The stock market recovered some losses on that announcement, but it’s still a chilling forecast from Spitznagel. The S&P 500 is down roughly 7% year to date — enough to shake investor confidence — yet Spitznagel suggests that could be just the beginning of a much steeper fall.
And his warnings don’t stop there.
“This is another selloff to shake people out. This isn't Armageddon. That time will come as the bubble bursts,” he added.
Spitznagel is no stranger to market mayhem. He gained notoriety during the 2020 COVID crash, when Universa’s flagship “Black Swan Protection Protocol” fund posted an eye-popping 4,144% return in the first quarter of that year.

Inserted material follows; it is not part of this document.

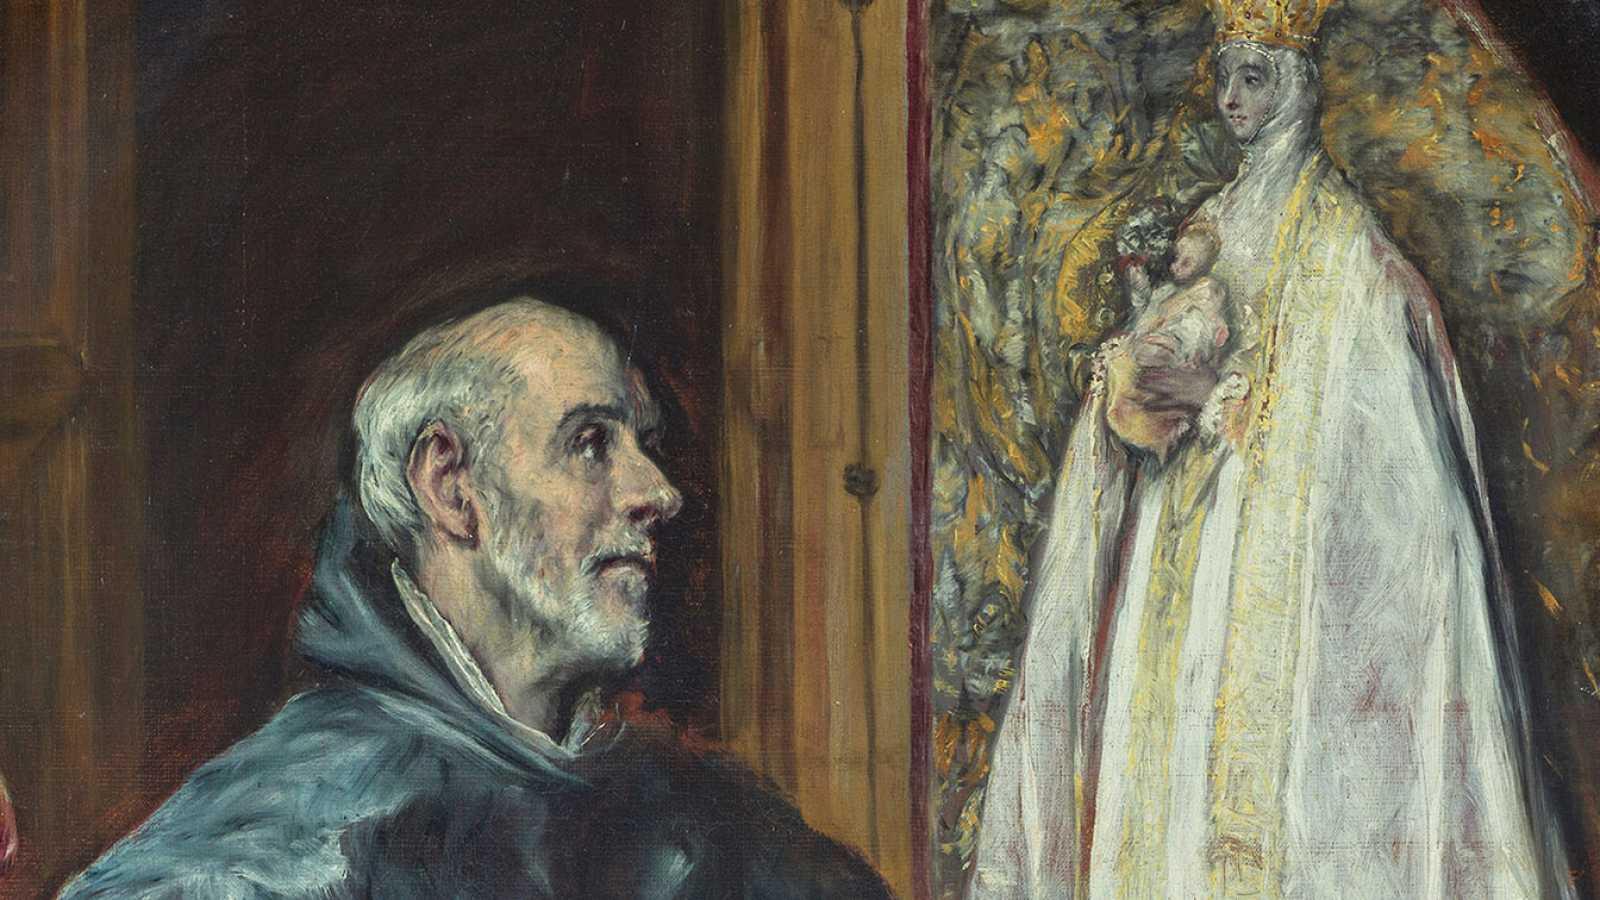 Punto de enlace - La muestra 'El Greco de Illescas', en el Museo del Prado - Escuchar ahora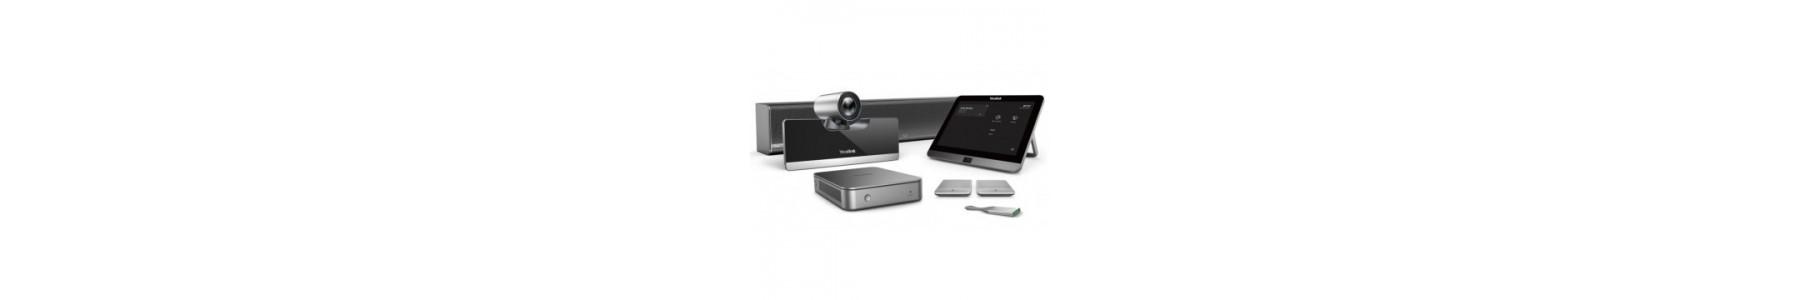 Audio e Videoconferenza Yealink

Today, his call stands out even among Wall Street’s growing caution. Several major firms have slashed their forecasts for the S&P 500, though none approach Spitznagel’s apocalyptic tone.
Markets are inherently volatile. Whether or not you buy into Spitznagel’s outlook, it might be a good time to consider how to diversify beyond traditional stocks. Here are three simple ways to start.
Ray Dalio, founder of the world’s largest hedge fund, Bridgewater Associates, recently underscored the importance of diversification — and the enduring value of one classic asset.
“People don't have, typically, an adequate amount of gold in their portfolio,” he said in a February interview with CNBC. “When bad times come, gold is a very effective diversifier.” He suggests having 10-15% of a portfolio invested in gold.
Gold is considered a go-to safe haven. It can’t be printed out of thin air like fiat money, and because it’s not tied to any single currency or economy, investors often flock to it during periods of economic turmoil or geopolitical uncertainty, driving up its value.